Совсем недавно ему исполнилось 80 лет, которых никак не заметишь. Подтянутый, моложавый человек со спортивной выправкой и цепким профессиональным взглядом. Юрий Рост – журналист и фотограф, телеведущий, писатель, актер… Мы встретилась с ним в Падуе, хотя этот разговор мог состояться где угодно – в Полинезии, Антарктиде, Сибири.

– Вы родились 80 лет назад в Киеве в актерской семье. Оба этих фактора существенно определяют биографию?

– Да я родился фактически в театре. Маму забрали рожать прямо из гримуборной, где им с отцом выделили место для их молодой жизни, хотя и папа был женат, и у мамы был муж молодой…

– … с актерами это случается.

– Да и не только с актерами.

– Но эти театральные пеленки не могли не отразиться на вашей дальнейшей биографии.

– Да, первое, с чем ты связываешься в жизни, это актеры, сцена, декорации. Мы даже в эвакуации были вместе с театром. И первое мое впечатление было именно таким. Отец в ту пору целый год после тяжёлого ранения лежал в госпитале в Уфе, а мы так и оставались при театре. Потом вернулись в Киев, жили там в театральном доме, а отец со временем сумел вернуться на сцену благодаря режиссеру Борису Барнету, снявшему его, хромого, с палкой, в крохотном эпизоде фильма "Подвиг разведчика". Именно поэтому отец сумел вернуться на сцену. И, конечно, вся моя жизнь прошла вокруг театра. У меня очень много театральных друзей и дружественных театров…
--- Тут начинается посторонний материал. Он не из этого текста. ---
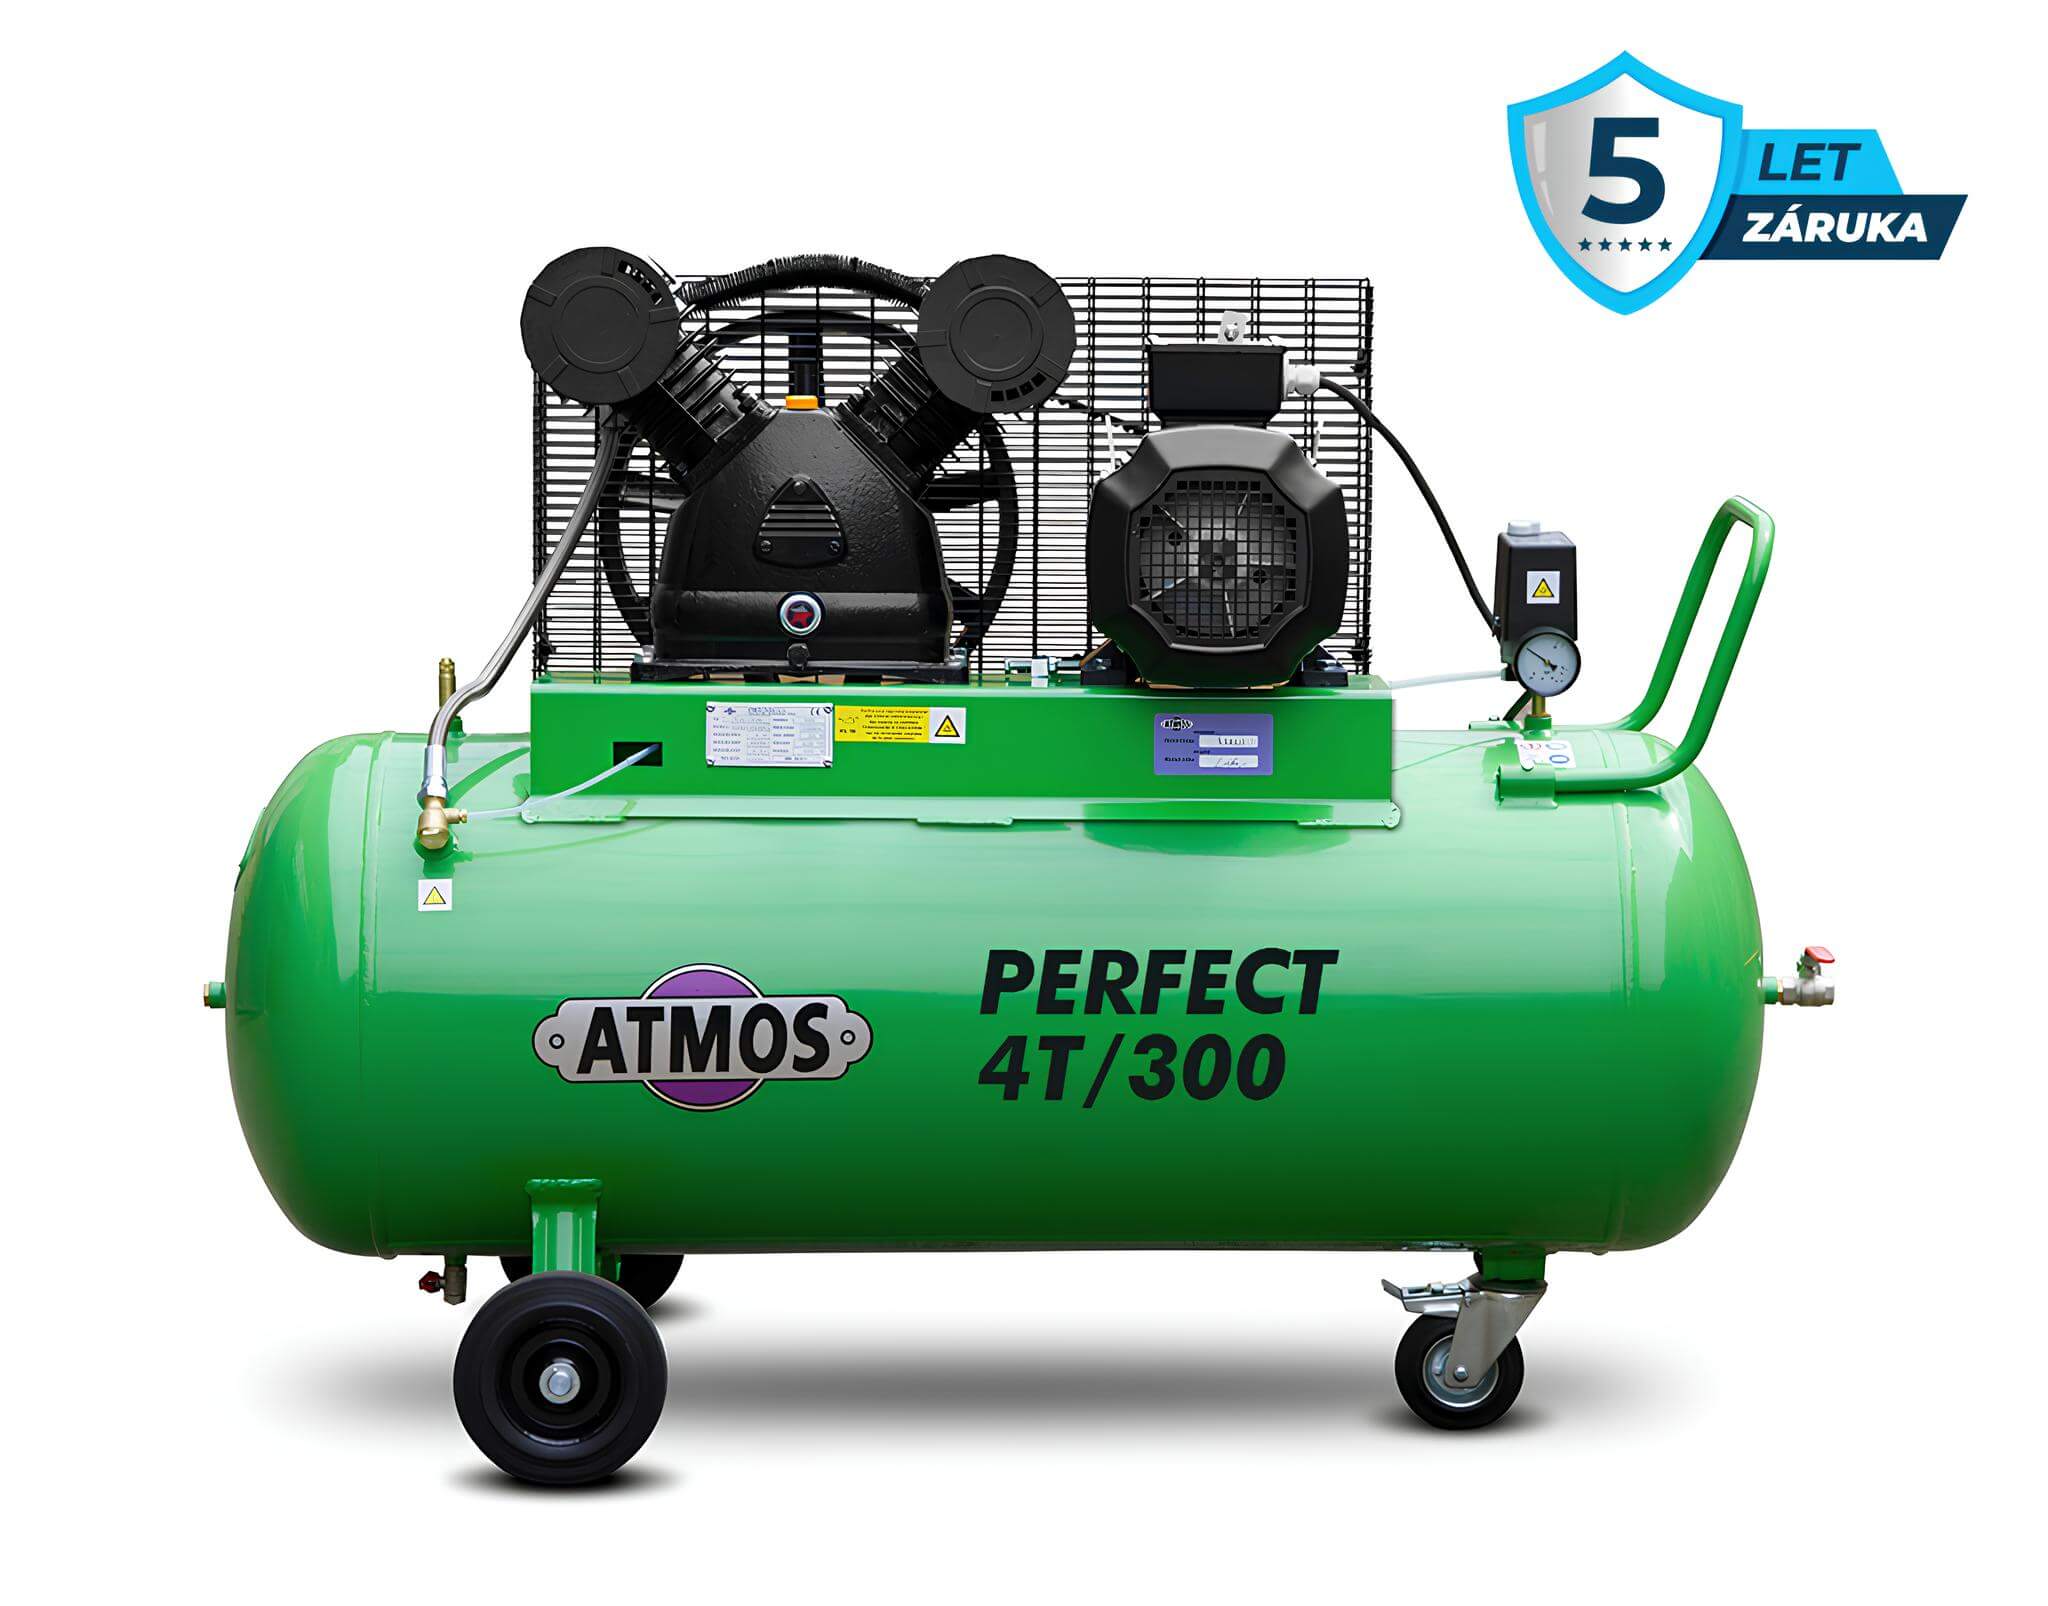 Atmos Pístový kompresor Perfect - 4T/300 příkon 4,0 kW, výkon 500 l/min, tlak 12,5 bar, vzdušník 300 l, napětí 400/50 V/Hz

– Но ведь и сам Киев обладал совершенно уникальным и ярким, самобытным характером, что тоже не могло не повлиять на вас в детстве и юности.

Киев был красоты невероятной. Тогда это был самый приспособленный для жизни город из всех, что я видел

– Киев был очень серьезным культурным городом, где находилось много прекрасных театров – к примеру, Национальный академический драматический театр имени Ивана Франко, где играли выдающиеся актеры Ужвий, Шумский, Яковченко. Там же был и хороший оперный театр с очень приличной балетной труппой и хорошими голосами. А еще там был прекрасный ансамбль танца Вирского, вроде российского ансамбля Моисеева, только на украинский лад. Там жили и неплохие писатели – Михаил Булгаков, Александр Куприн, Паустовский, Виктор Некрасов, выбивавшийся там уже из последних сил. Все они очень долго там не задерживались, но безусловно "надышали" в городе определенную среду. Да и сам Киев был красоты невероятной. Думаю, тогда это был самый приспособленный для жизни город из всех, что я видел. Тут тебе и берег реки: садишься в метро и через 15 минут оказываешься на пляже… И футбол там был замечательный, и гастролеры были буквально все самые лучшие. Мы, конечно же, все это видели, поскольку жили в доме Национального академического театра русской драмы имени Леси Украинки, а это, в свою очередь, была самая популярная площадка для гастролей московских театров.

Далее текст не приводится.